Perunović was born in 1880 at Drenovštica in Pješivci, Princedom of Montenegro, and at an early age displayed an exceptional skill for the gusle, an ancient Balkan instrument. He began taking lessons, given by his mentor Ilija Kontić, at the same time that he was attending grammar school in his native village. In 1900 he left Montenegro for Šabac, Serbia, where his music instructor was R. Tolinger. He brought himself into notice in Belgrade in 1908 by performing before a colossal monument to Prince Mihailo in protest against the Bosnian crisis. In Negotin he graduated from Teacher's College in 1910. His teaching career was interrupted by the two Balkan wars and World War I in which he took active part. After the wars, he began to teach for a short period before leaving for the United States on a prolonged tour of Serbian communities there.

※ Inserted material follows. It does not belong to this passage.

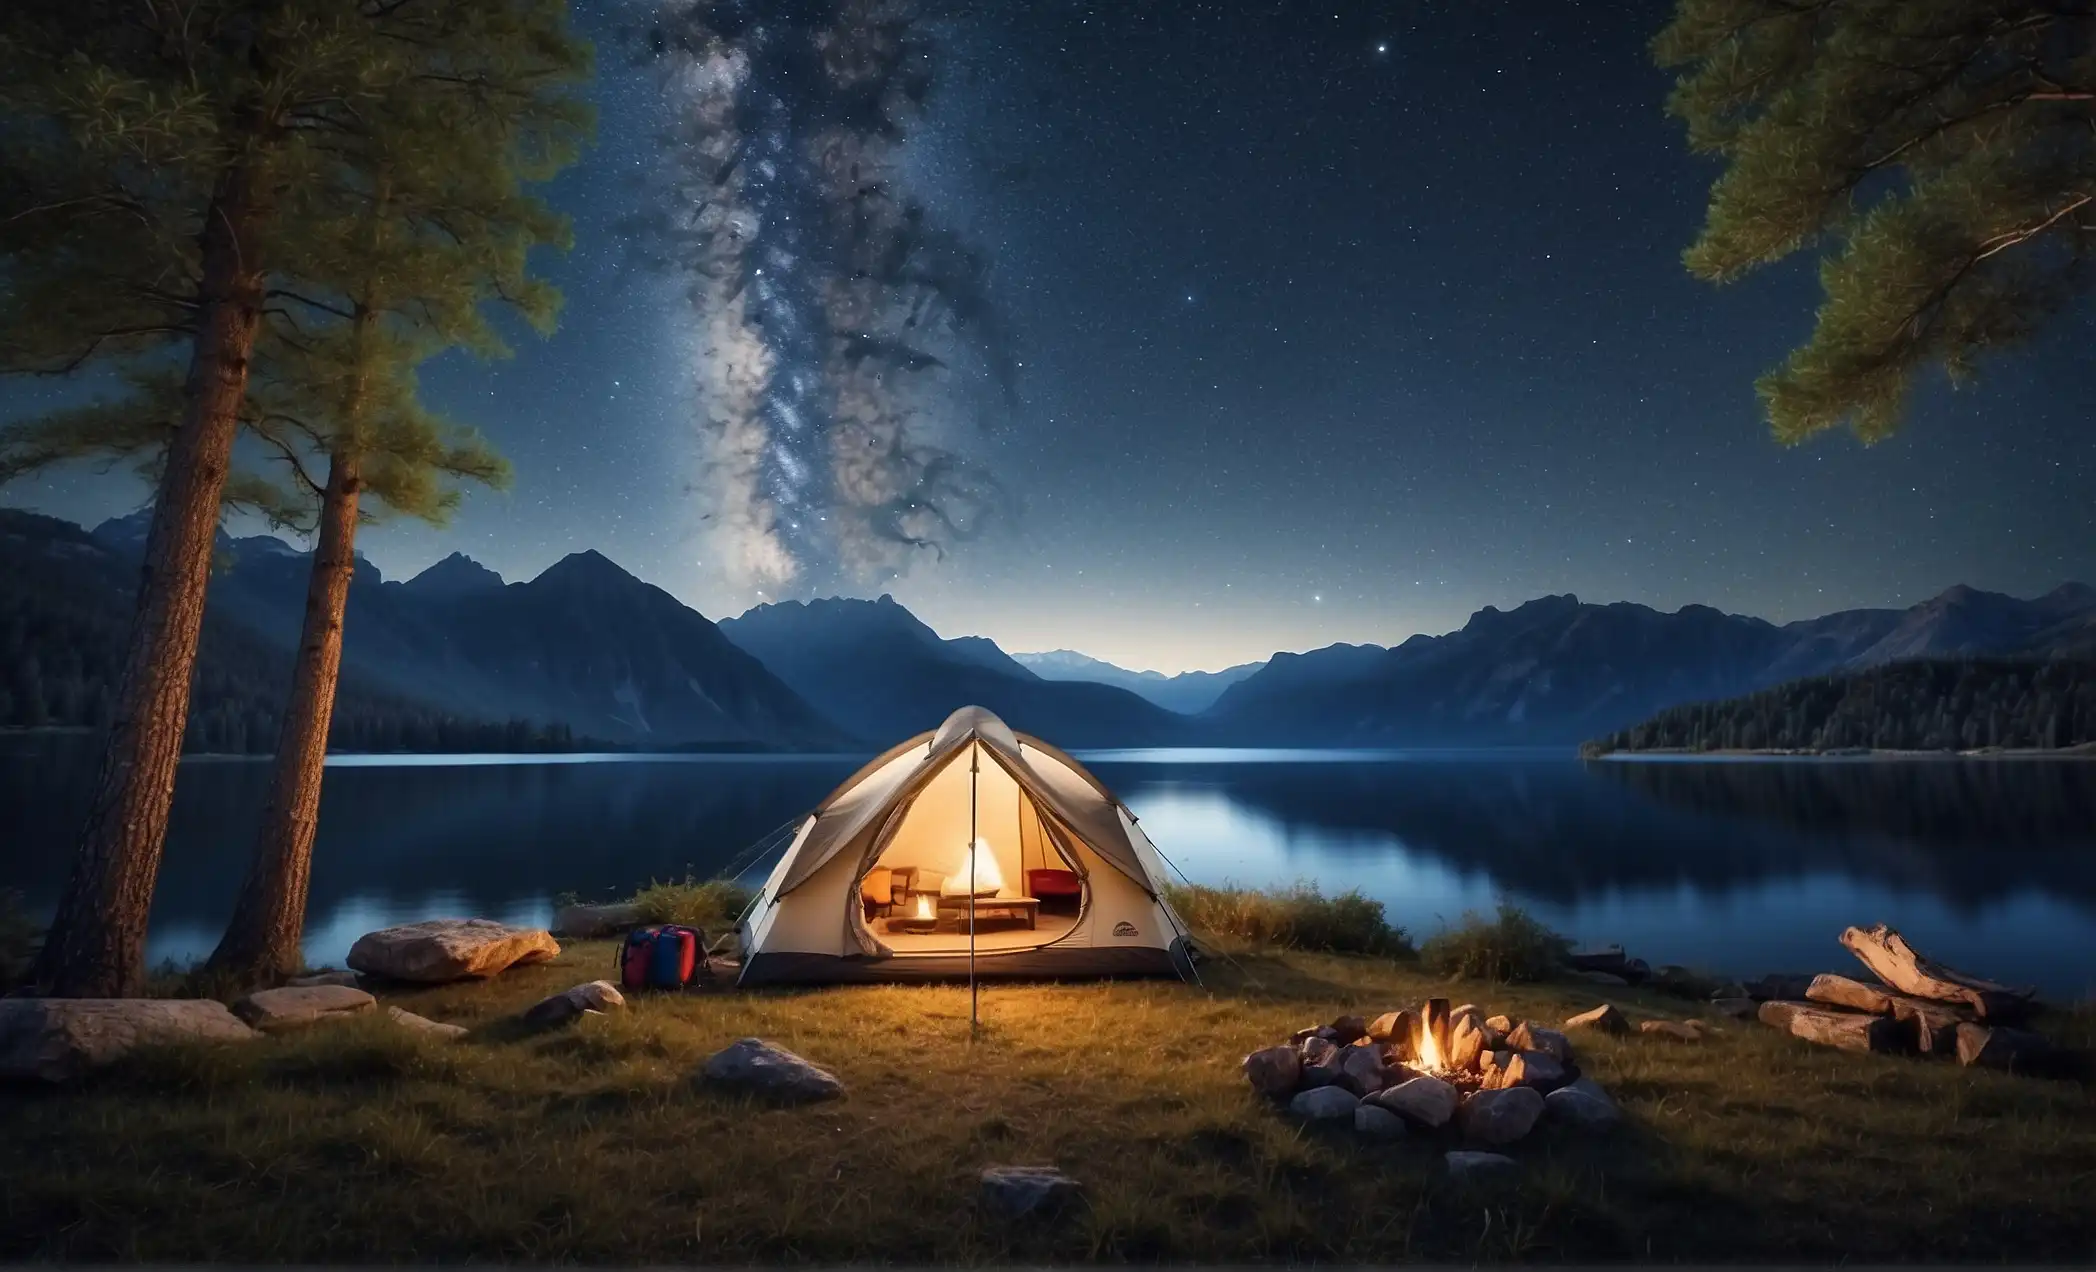 How Safe is Camping in a Tent

In New York City, Cleveland, Detroit, and Chicago, he entertained the early Serbian immigrants with patriotic songs and recorded many albums under the "Serb Gusle" label founded by Serb emigrants from Serbia, Vojvodina, Romanian Banat, Slavonia, Dalmatia, Croatia, Bosnia-Hercegovina, South Serbia, Kosovo, Macedonia, and Montenegro to America.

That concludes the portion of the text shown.